The new technology also allows additional services for customers like creating and handling a complete virtual PBX, voicemailbox, fax handling and call recording. Additional SIPSERVICE now provides DID numbers for all German local areas (Ortsnetze) and additional for all kantons in Switzerland.

For 2014 SIPSERVICE has planned to expand its service from Germany to Switzerland, Austria and Italy. All these countries will be handled by the same technology, but with different pricing and services. So the main homepage is dedicated to German customers in the future, SIPSERVICE.at for Austria, SIPSERVICE.ch for Switzerland and in Italy the company will operate as netfon.it. The country dedicated websites will start in IV/2014. Till this date every country is served by the main homepage.

== Customers and statistics ==
- 2006–2009 about 50.000 VoIP customers
- 2010 50.000 direct customers and 30 resellers with about 100 customers each (total 50.000 + 3.000 = 53.000 VoIP customers)
- 2011 100.000 direct customers and 75 resellers with about 200 customers each (total 100.000 + 15.000 = 115.000 VoIP customers)
- 2012 100.000 direct customers and 160 reseller with about 200 customers each (total 100.000 + 32.000 = 132.000 VoIP customers)

In 2010 SIPSERVICE also started providing calling card services. The calling card users did not have an own account at SIPSERVICE so they are not listed in the VoIP customers panel.

2014 SIPSERVICE is handling its 100,000 direct customers and 220 resellers with about 200 customers each (total 144.000 VoIP customers).

Calls statistics per day (average based on the total sum of yearly calls)

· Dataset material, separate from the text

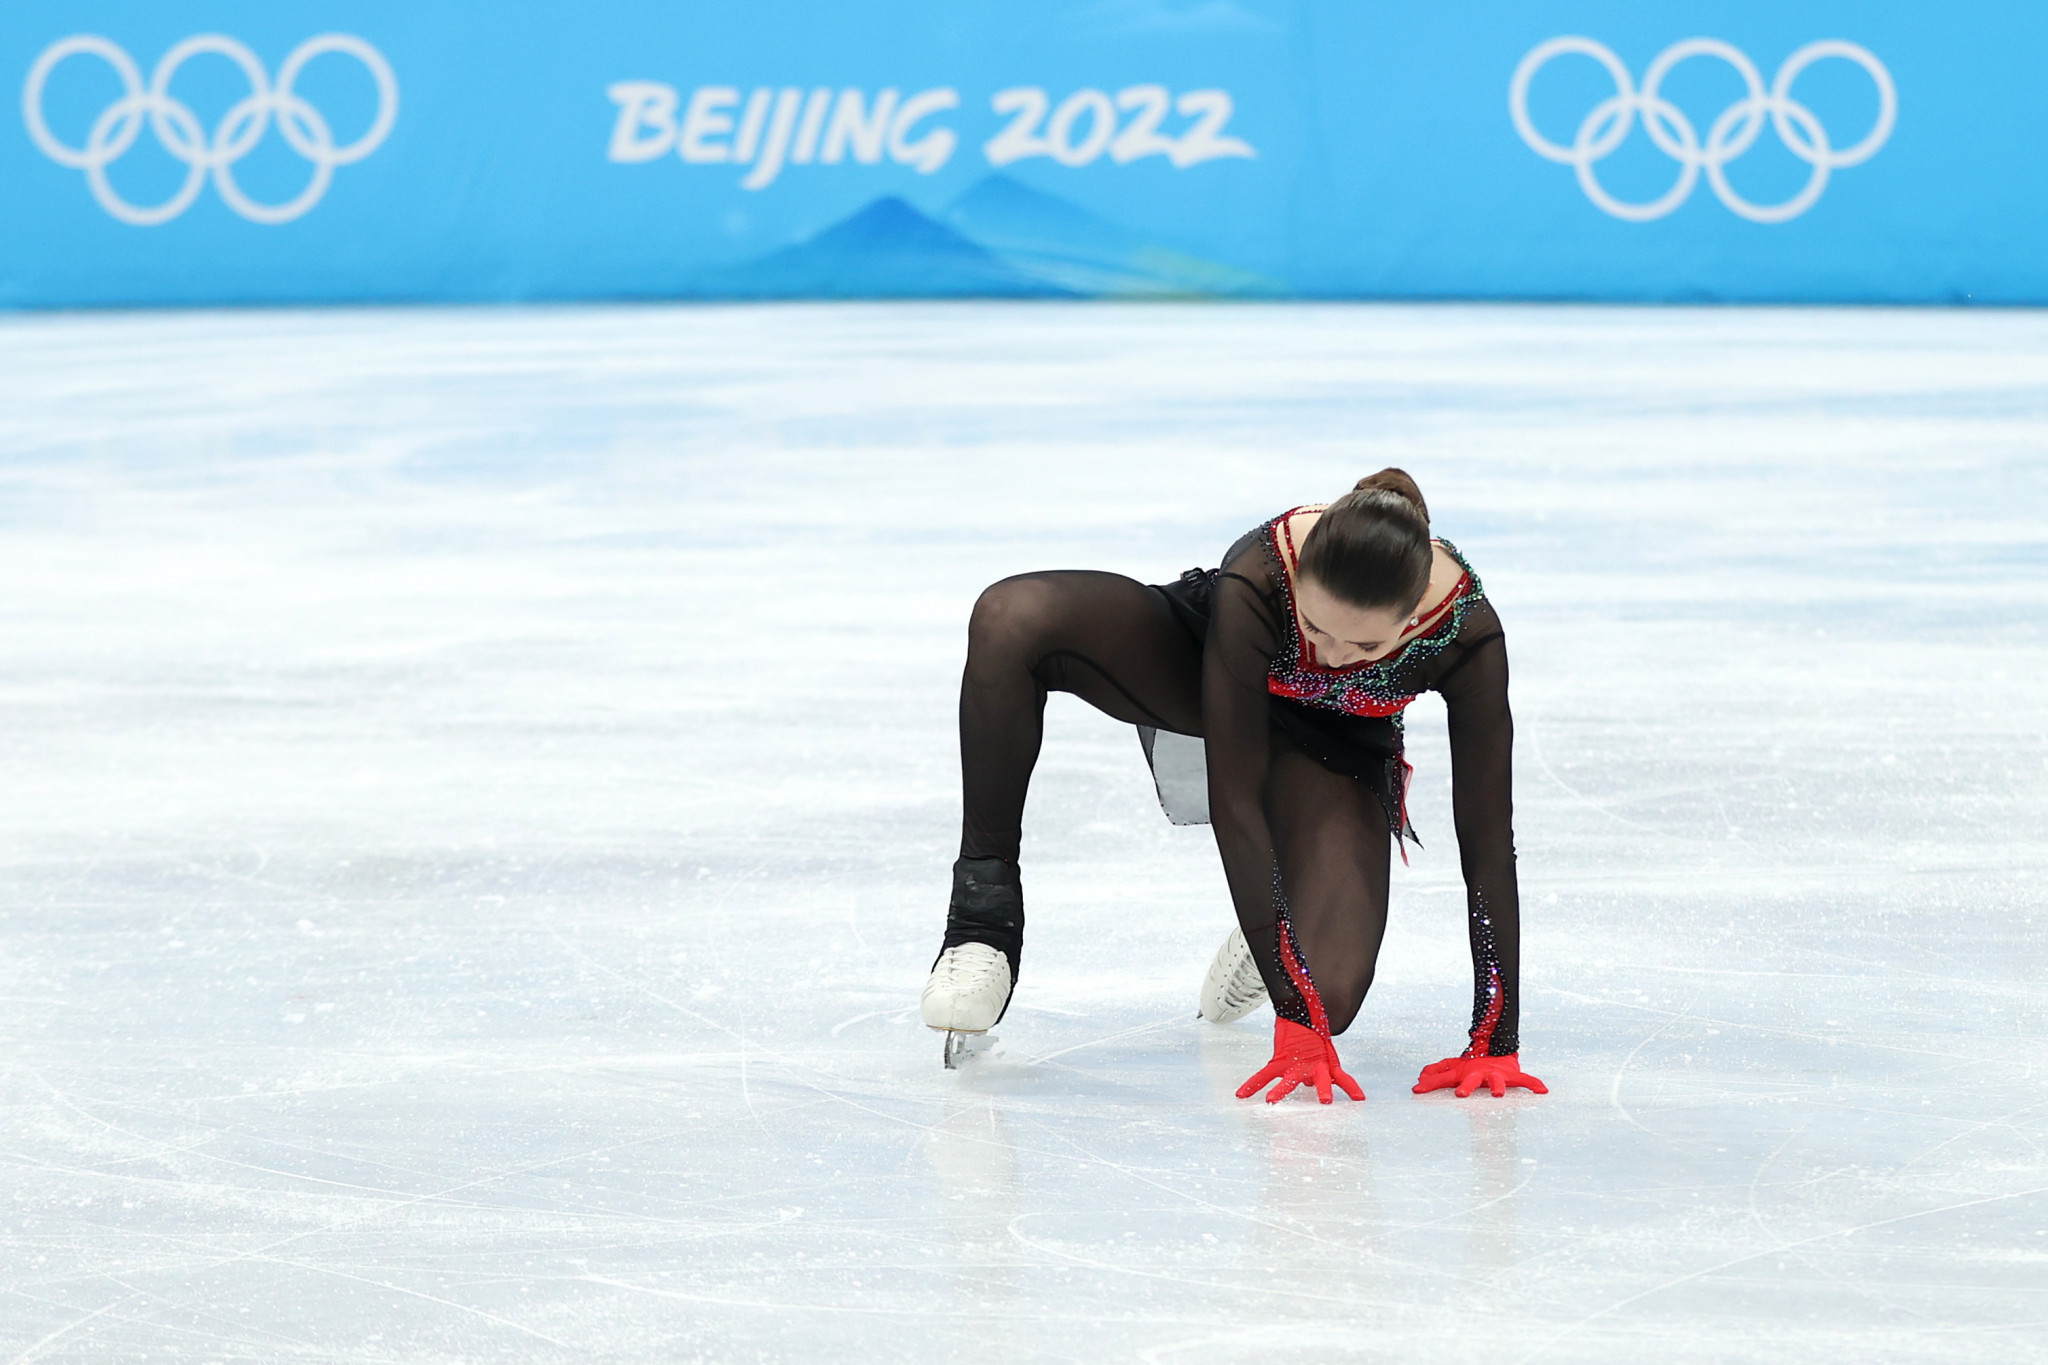 Kamila Valieva, who was 15 a Beijing 2022, would have been ineligible to compete under new minimum-age rules proposed for figure skating ©Getty Images
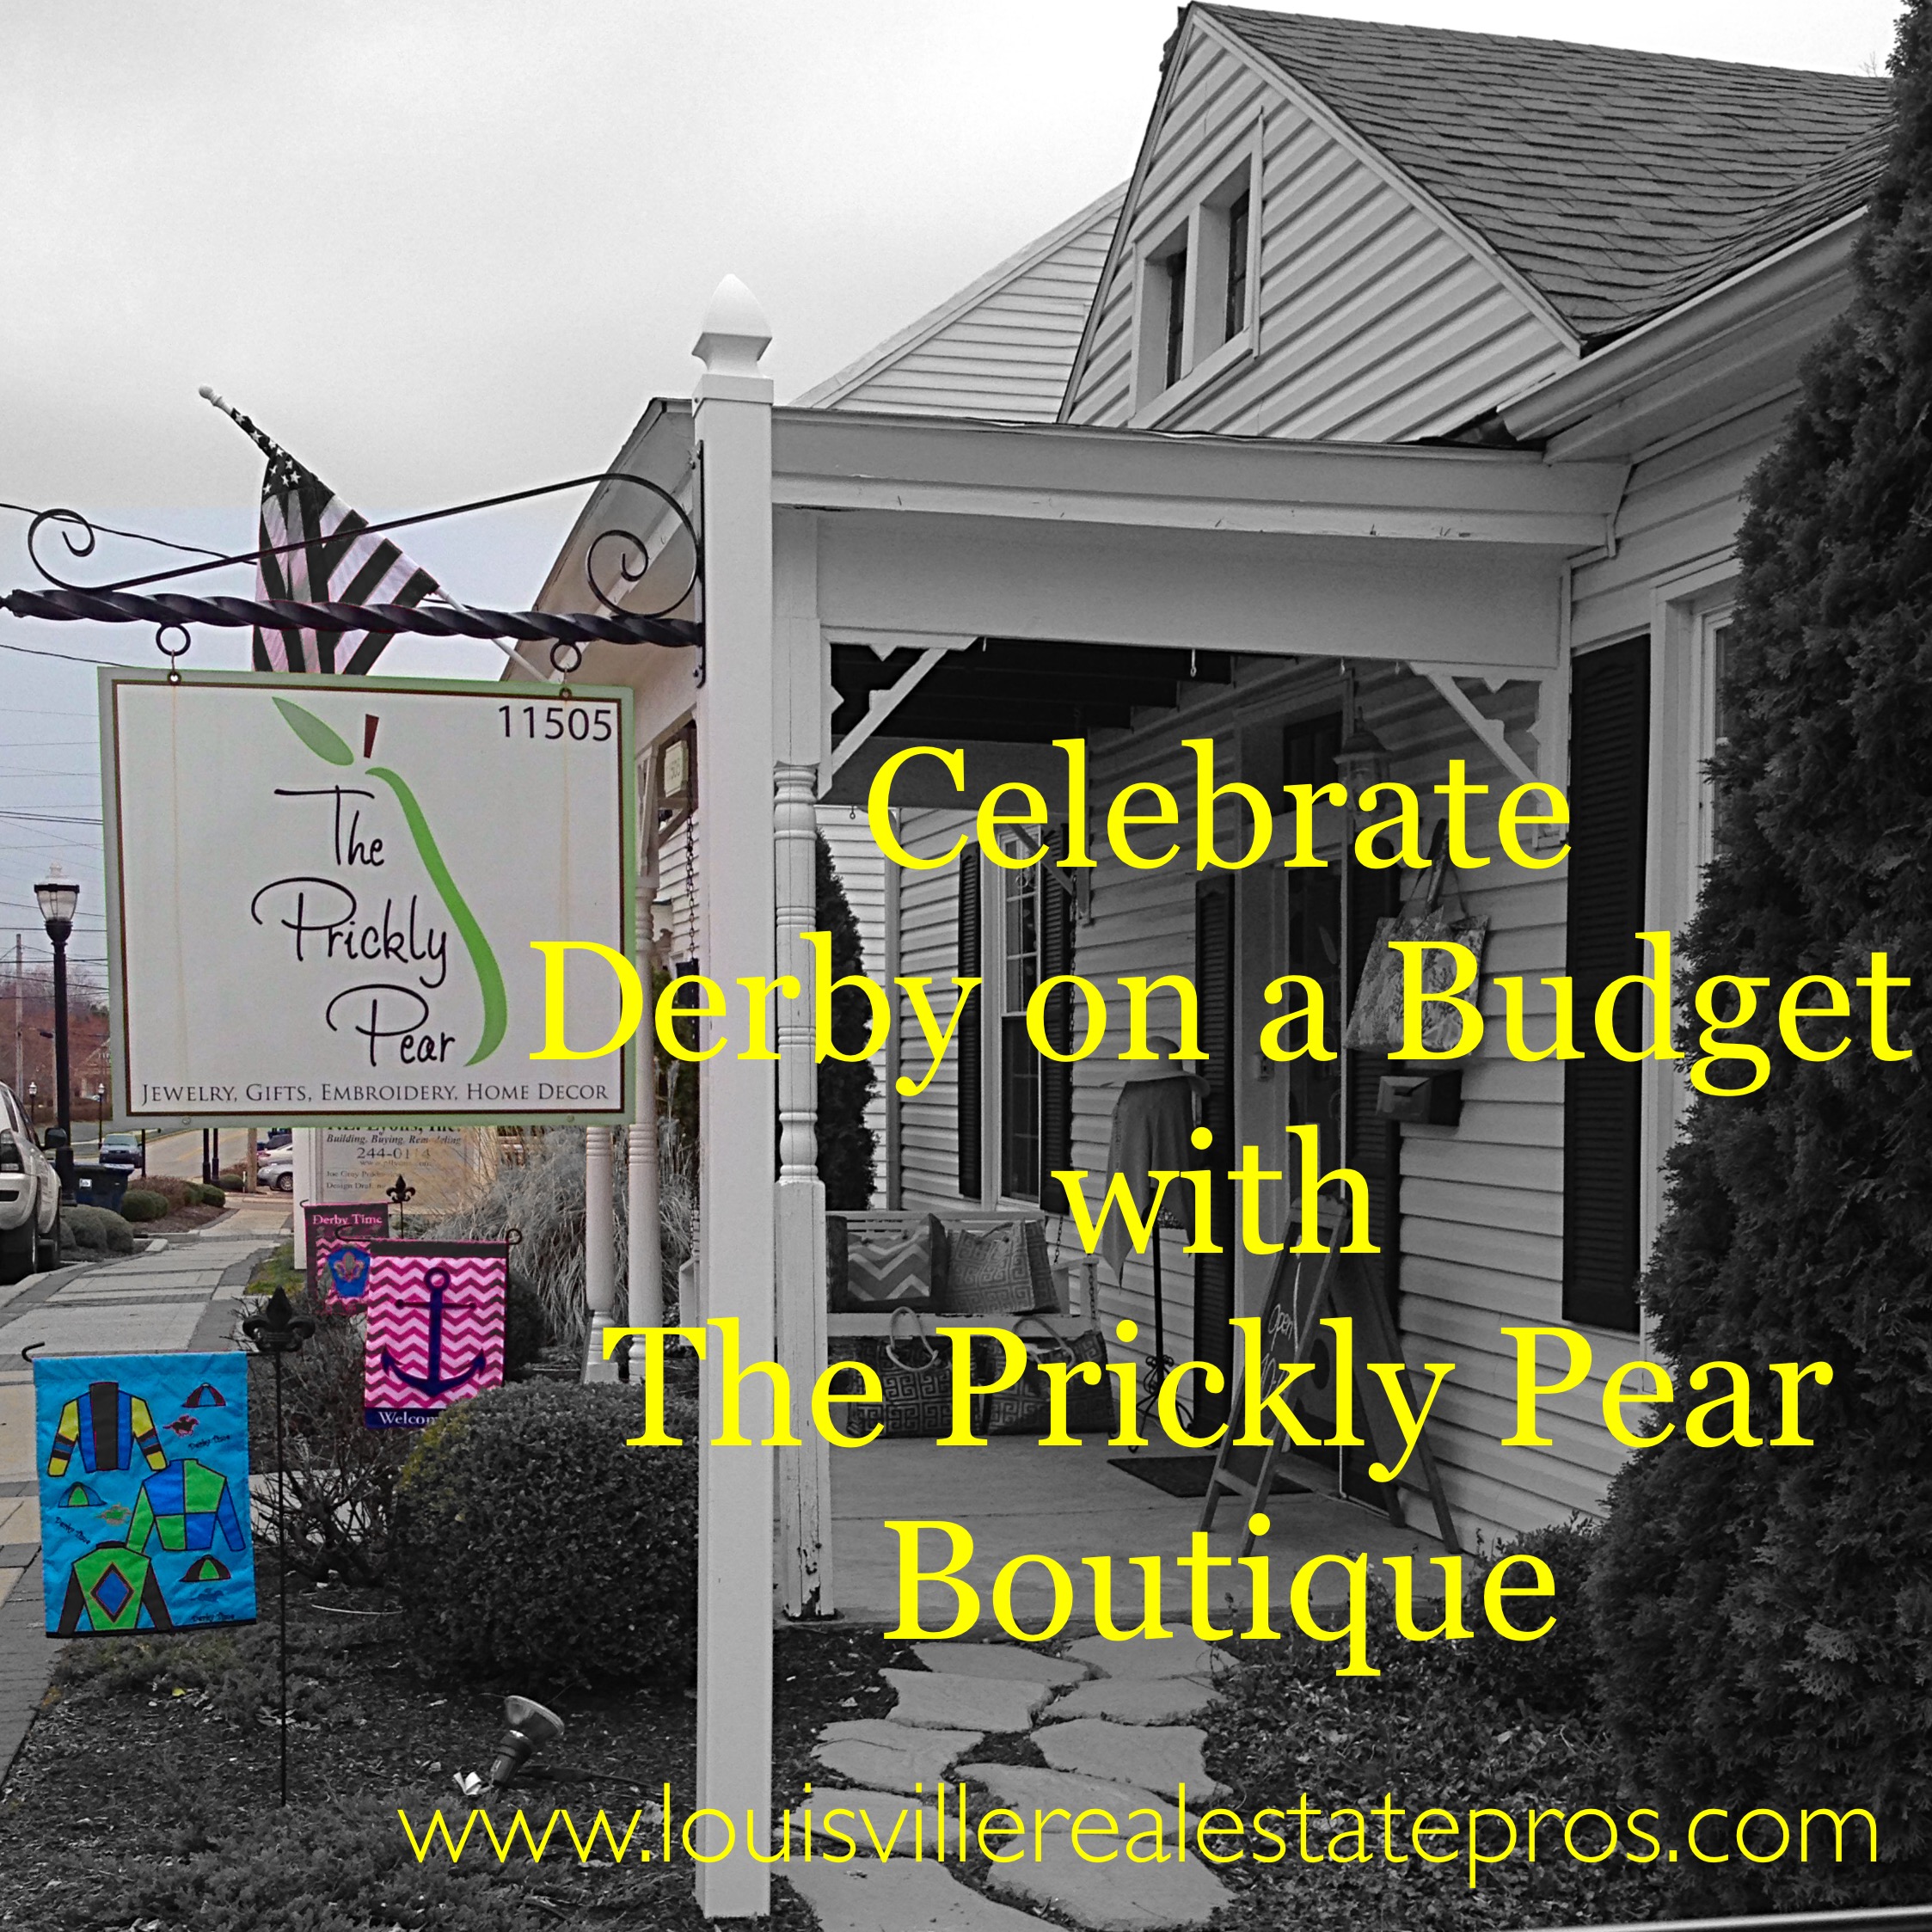 Celebrate Derby on a Budget with The Prickly Pear Boutique

- 2009: 76,943 calls per day
- 2010: 134,038 calls per day from VoIP customers and 83,444 calls from calling cards (total 217,482 calls per day)
- 2011: 141,399 calls per day from VoIP customers and 178,493 calls from calling cards (total 319,892 calls per day)
- 2012: 181,492 calls per day from VoIP customers and 275,499 calls from calling cards (total 456,991 calls per day)
- 2013: 180,383 calls per day from VoIP customers and 377,392 calls from calling cards (total 557,775 calls per day)
- January 2014: 194,499 calls per day from VoIP customers and 416,488 calls from calling cards (total 610,987 calls per day)
- February 2014: 189,372 calls per day from VoIP customers and 409,842 calls from calling cards (total 599,214 calls per day)
- March 2014: 221,920 calls per day from VoIP customers and 438,942 calls from calling cards (total 660,862 calls per day)

Since April 1, 2014 the company is accepting new direct signups again.